PVT1, which maps to chromosome 8q24, is a copy number amplification-associated lncRNA. Overexpression of PVT1 is a powerful predictor of tumor progression and patient survival in colorectal (15), ovarian and breast cancers (16). Furthermore, PVT1 exerts regulatory functions in various biological processes, such as proliferation, apoptosis, mobility and invasion (15,16), and chromosome 8q24 is a commonly amplified region in HCC (17,18). However, the association between PVT1 and HCC remains unclear.
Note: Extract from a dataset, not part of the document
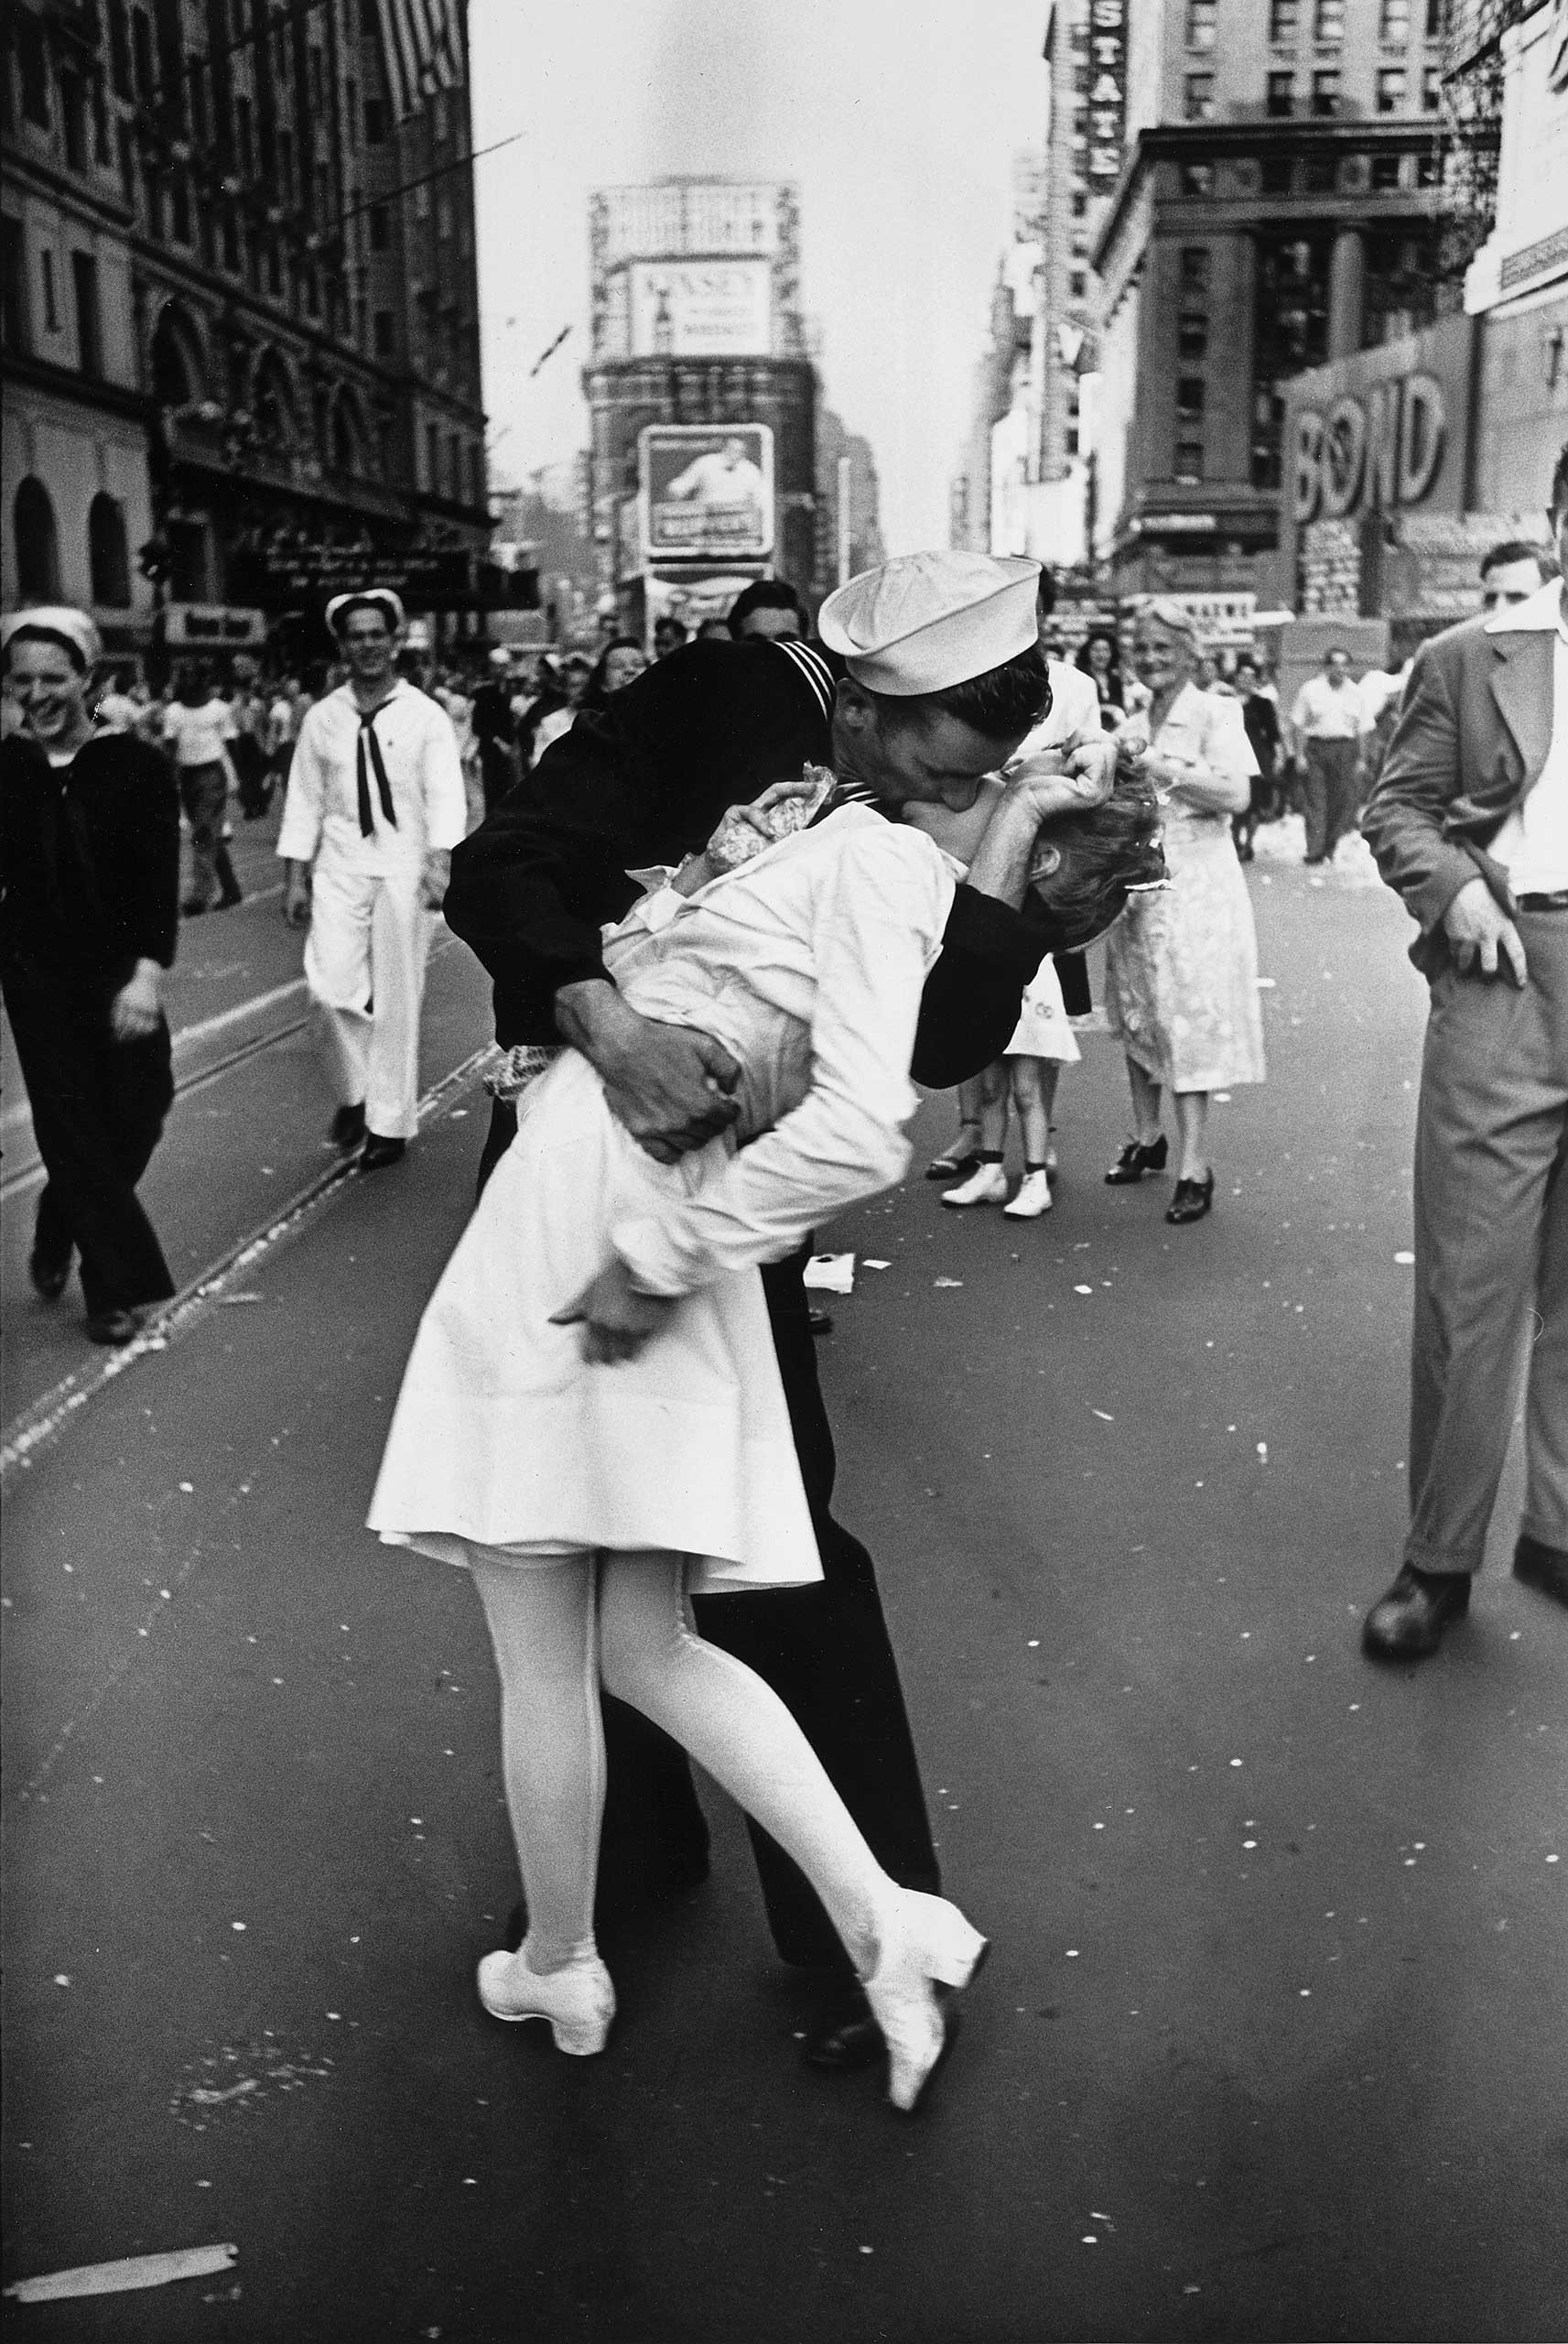 On August 14, 1945 — VJ Day — a jubilant sailor plants a kiss on a nurse in Times Square to celebrate the Allies' long- awaited World War II victory over Japan. Originally published (not as a cover shot, as most people assume today, but as just one in a series of "VJ Day victory celebration"

The aim of the present study was to examine the expression pattern of PVT1 and its clinical significance in HCC.
Materials and methods
Patients and surgical specimens
Fifty-eight snap-frozen HCC tissues and the corresponding non-cancerous tissues were obtained from patients undergoing liver resection at the First Affiliated Hospital of Zhejiang University (Hangzhou, China) between 2009 and 2012 (cohort one). An additional 214 HCC tissues were collected from patients undergoing liver transplantation at the First Affiliated Hospital of Zhejiang University between 2003 and 2012 (cohort two), and were used for survival analysis and validation. The liver tissue specimens were immediately frozen in liquid nitrogen following surgical resection and stored at −80°C prior to the extraction of total RNA. A postoperative histopathological examination by experienced pathologists was used to establish a diagnosis of HCC in these patients. The histological grade of differentiation was evaluated on hematoxylin and eosin-stained sections according to the Edmondson-Steiner grading method (19). Complete clinical and laboratory data were collected in a perspective database. The tumor staging was defined according to the sixth edition of the tumor-node-metastasis (TNM) classification system published by the American Joint Committee on Cancer and the Union for International Cancer Control (20). The requirements for selecting transplant candidates varies depending on the criteria, for example: The Milan criteria defines HCC as a single tumor ≤5 cm or up to three tumors ≤3 cm (21); the University of California, San Francisco (UCSF) criteria defines HCC as a single nodule ≤6.5 cm or up to three nodules ≤4.5 cm, and total tumor diameter ≤8 cm (22); and the Hangzhou criteria defines HCC as a total tumor diameter of ≤8 cm, or a total tumor diameter of >8 cm, with a well or moderately differentiated histopathological grade and a preoperative serum AFP level of ≤400 ng/ml, simultaneously (23).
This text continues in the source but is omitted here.